Trouble Eating Difficulty Chewing

If you have started to have problems chewing or difficulty eating, there are a number of causes that might be to blame. Typically, if you are experiencing trouble eating as you normally do, a development in the gums, teeth, bones or muscles are the source of the change. No matter if your difficulty chewing is traced back to a behavioral transition or a medical issue, the dentist can use other symptoms to properly diagnose the origin. If you have started to notice problems chewing or swallowing, it is important to discuss these changes with a medical professional.

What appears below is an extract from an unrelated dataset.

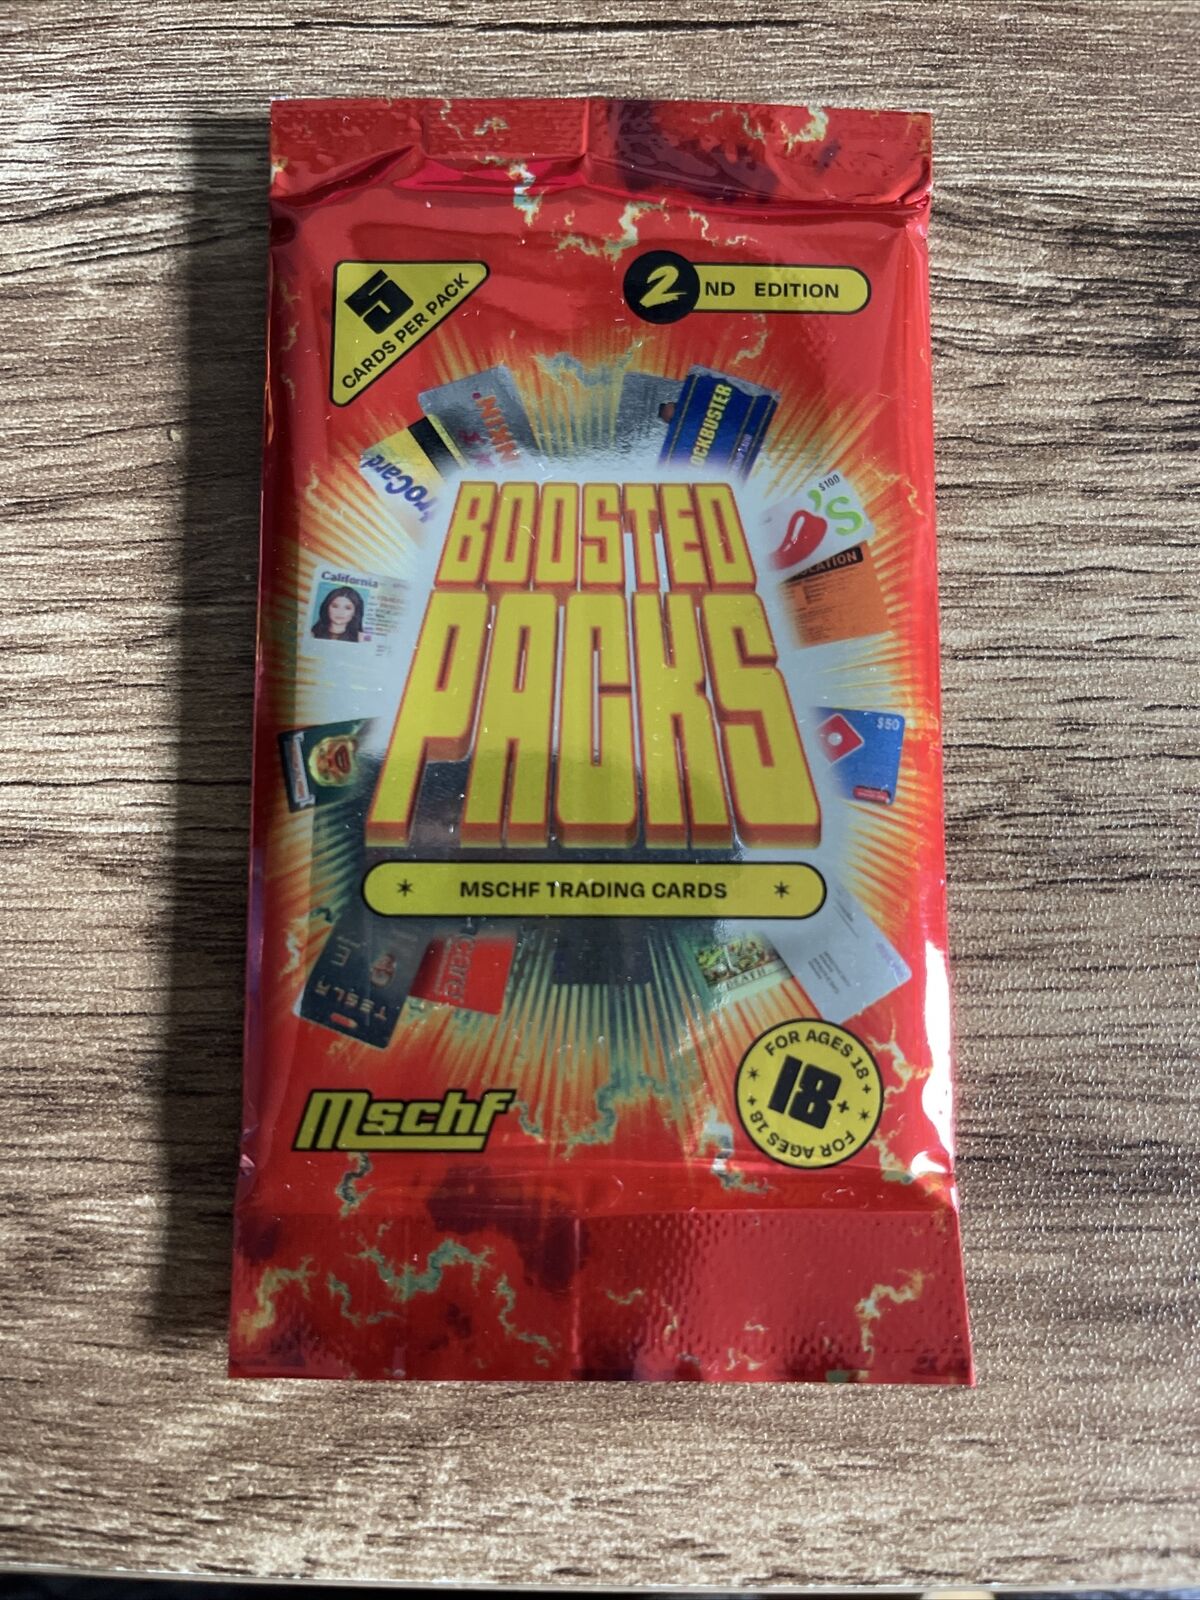 MSCHF Boosted Pack 2nd Edition- V2 SINGLE Pack - New And Unopened - IN HAND

Possible Causes of Pain with Chewing

After an accident or oral surgery, it is normal to feel pain in your mouth and face. Most people know that soft foods are best in these cases. When the pain is coming from your jaw muscles, you may be clenching your jaw or grinding your teeth. If the jaw joint is achy or swollen, you may have osteoarthritis or rheumatoid arthritis manifesting in the joint. Temporomandibular joint disorder or TMD prevents people from chewing normally. If the pain is coming from your teeth, then you may be experiencing symptoms of tooth decay, gum disease, or even dry mouth. The dentist will be able to detect and treat hidden damage that is too small to see with your eyes or below the gum line. In very rare cases, problems chewing can be a sign of an infection or the start of oral cancer. Be sure to talk about all changes in your mouth with the dentist to address any problem before it worsens.

Related Symptoms Can Help Identify the Problem

When you can share any other changes you have noticed with the dentist or the doctor, then you will be able to have a diagnosis and treatment sooner. Any time you struggle to eat normally and there is a disagreeable or strange taste in your mouth between meals, you most likely have a dental condition developing. Temporomandibular joint disorders are accompanied by earaches, jaw tenderness, and headaches. More serious health issues cause problems chewing and swallowing and include unplanned and quick weight loss, not related to poor nutrition or dieting.

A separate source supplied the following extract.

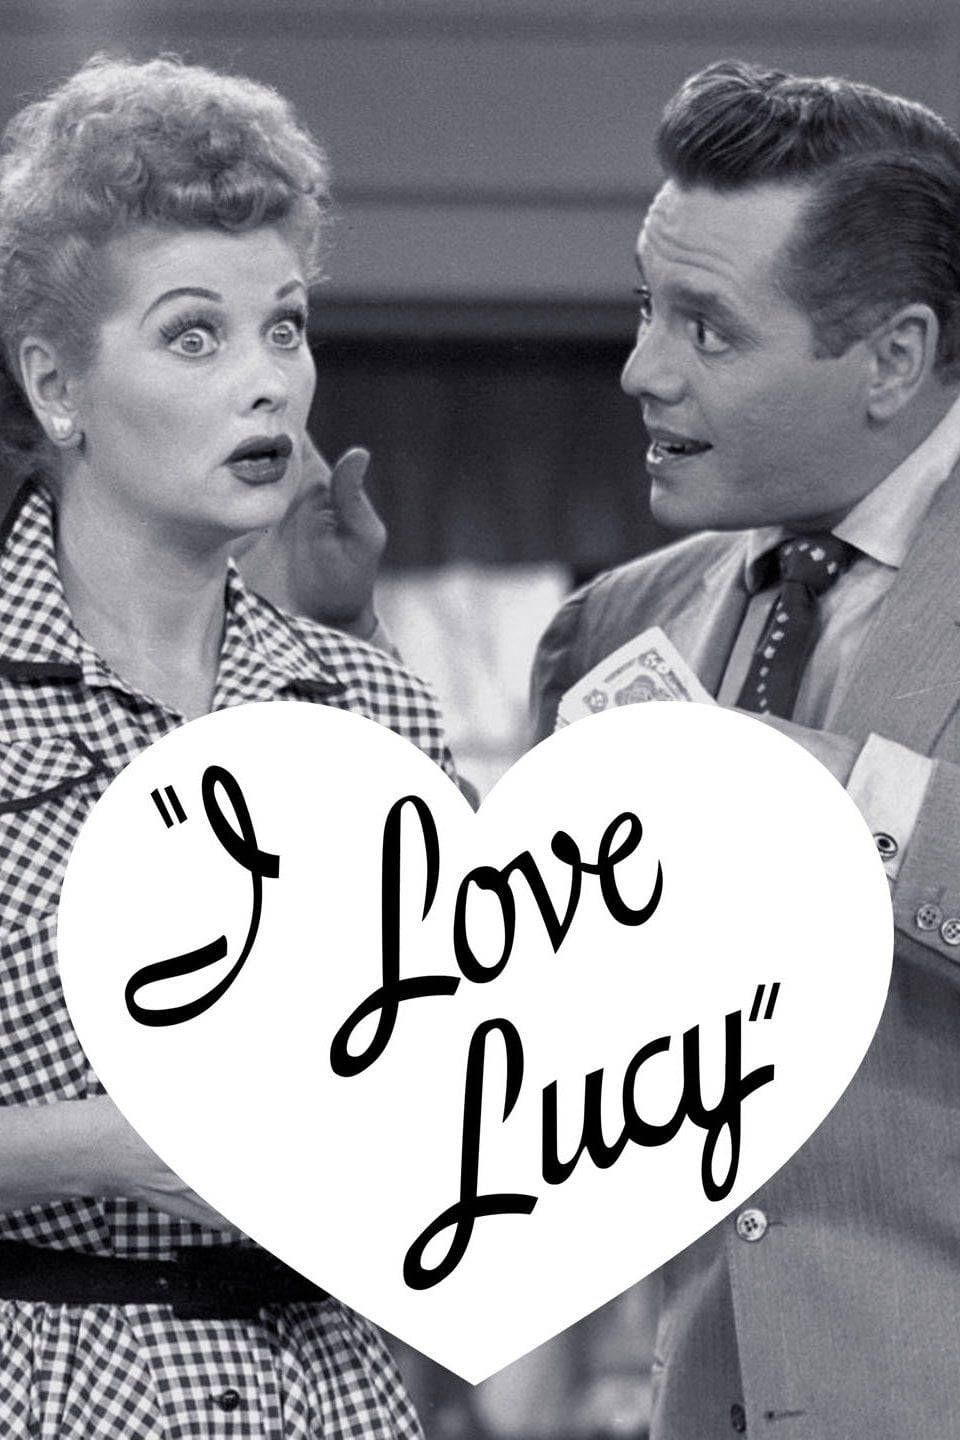 Lucille Ball And Desi Arnaz - The Icons Of 'i Love Lucy'

If You Experience Pain When You Chew

If you have been ignoring the discomfort when you are eating but you have started to struggle to swallow normally, it is important to seek professional medical treatment. Only a dentist or a doctor can help determine if there is a serious underlying medical problem. The doctor can rule out gastrointestinal problems after an examination and testing. Neuromuscular disorders can disrupt your ability to eat and the doctor will be able to help improve those complications. The dentist can evaluate your mouth for any signs of infection or tooth damage. You may even be referred to a speech pathologist or occupational therapist to help with your treatment plan.

Until your problems chewing have improved, be sure to eat soft foods and to avoid drinks that are too hot or cold. The dentist can make sure that you are back to normal before you know it!